A-t-on oublié le poids économique de ce modèle d’organisation en réseau qui représente plus de 7% du PIB ? La Cour de justice de l’Union européenne reconnait que les coopératives peuvent bénéficier d’un traitement particulier au regard du droit de la concurrence, et plus particulièrement au regard du régime d’aides d’État. Il était possible d’ouvrir le régime exonération aux coopératives de plus de sept ans.
C’est pourquoi le modèle coopératif doit être soutenu et compris au travers de ses spécificités. Le dispositif ISF/ PME était l’un des derniers outils nous permettant de maintenir et faire grandir nos groupements dans un environnement toujours plus contraint par les réglementations. De plus, le droit européen des aides d’État n’empêche pas de réserver un sort particulier aux PME de l’ESS en raison de leurs spécificités. Alors pourquoi ne pas traduire cette spécificité dans le droit français ?

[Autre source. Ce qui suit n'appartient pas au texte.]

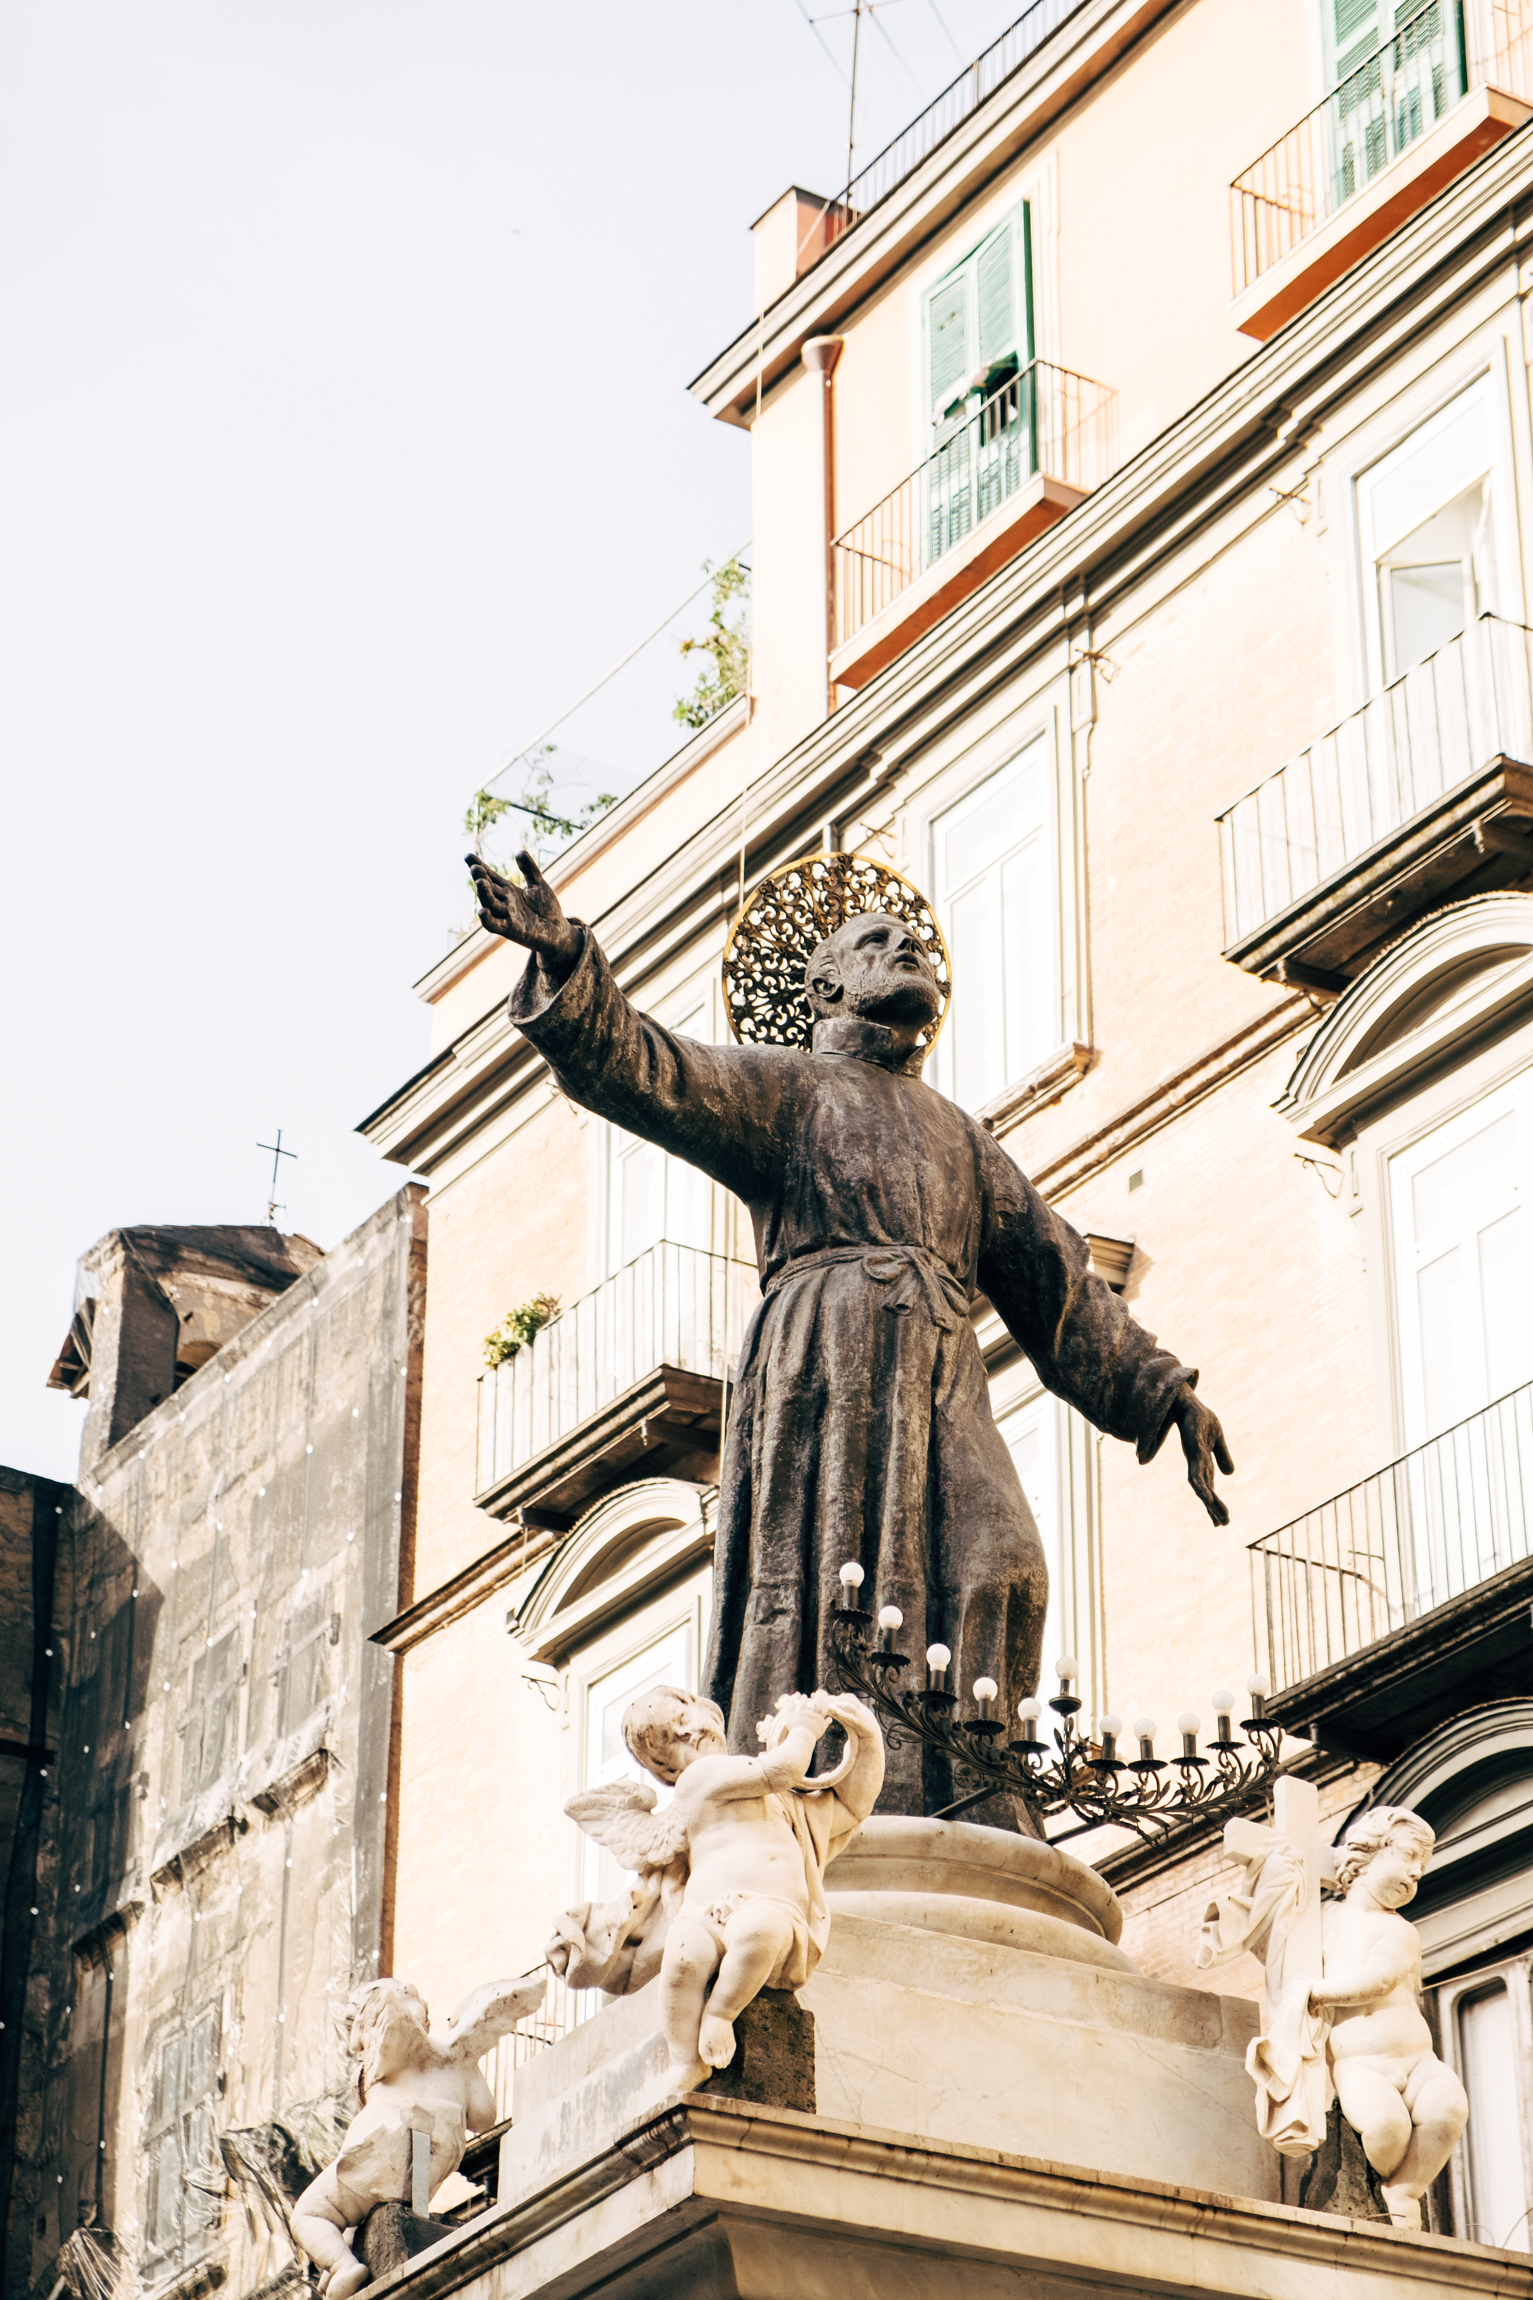 Statue of San Gaetano, one of the patron saints of Naples

Un véritable effet de levier pour les coopératives
Dans les faits, une coopérative de commerçants détaillants a ainsi pu, pour un adhérent employant 80 salariés et réalisant 30 millions d’euros de chiffre d’affaires, obtenir 1,7 million d’euros d’apport dont 25 % via l’ISF/ PME.
À titre d’exemple, la Socorec, coopérative de commerçants détaillants dédiée à l’accompagnement financier multi-enseignes, utilise cet outil de manière mutualisée afin de lever des fonds et d’octroyer des prêts utiles aux points de vente. En bénéficiant de ce dispositif ISF/ PME, cet organisme financier, avec 3 millions d’apports a permis la levée de 200 millions de crédits bancaires finançant plus de 130 projets.
Ces démonstrations illustrent en quoi ce mécanisme était une véritable aide au développement des réseaux permettant d’en assurer la pérennité au travers des créations mais également des transmissions. Aujourd’hui, les groupements indépendants font face à un grand nombre de départs en retraite des commerçants, disposant parfois de plusieurs points de vente et doivent relever le défi consistant à trouver un repreneur disposant de la capacité financière suffisante. L’adoption de cette loi porte atteinte à de nombreux réseaux du commerce coopératif sachant que 30 % des transmissions permettent à des salariés de devenir entrepreneur.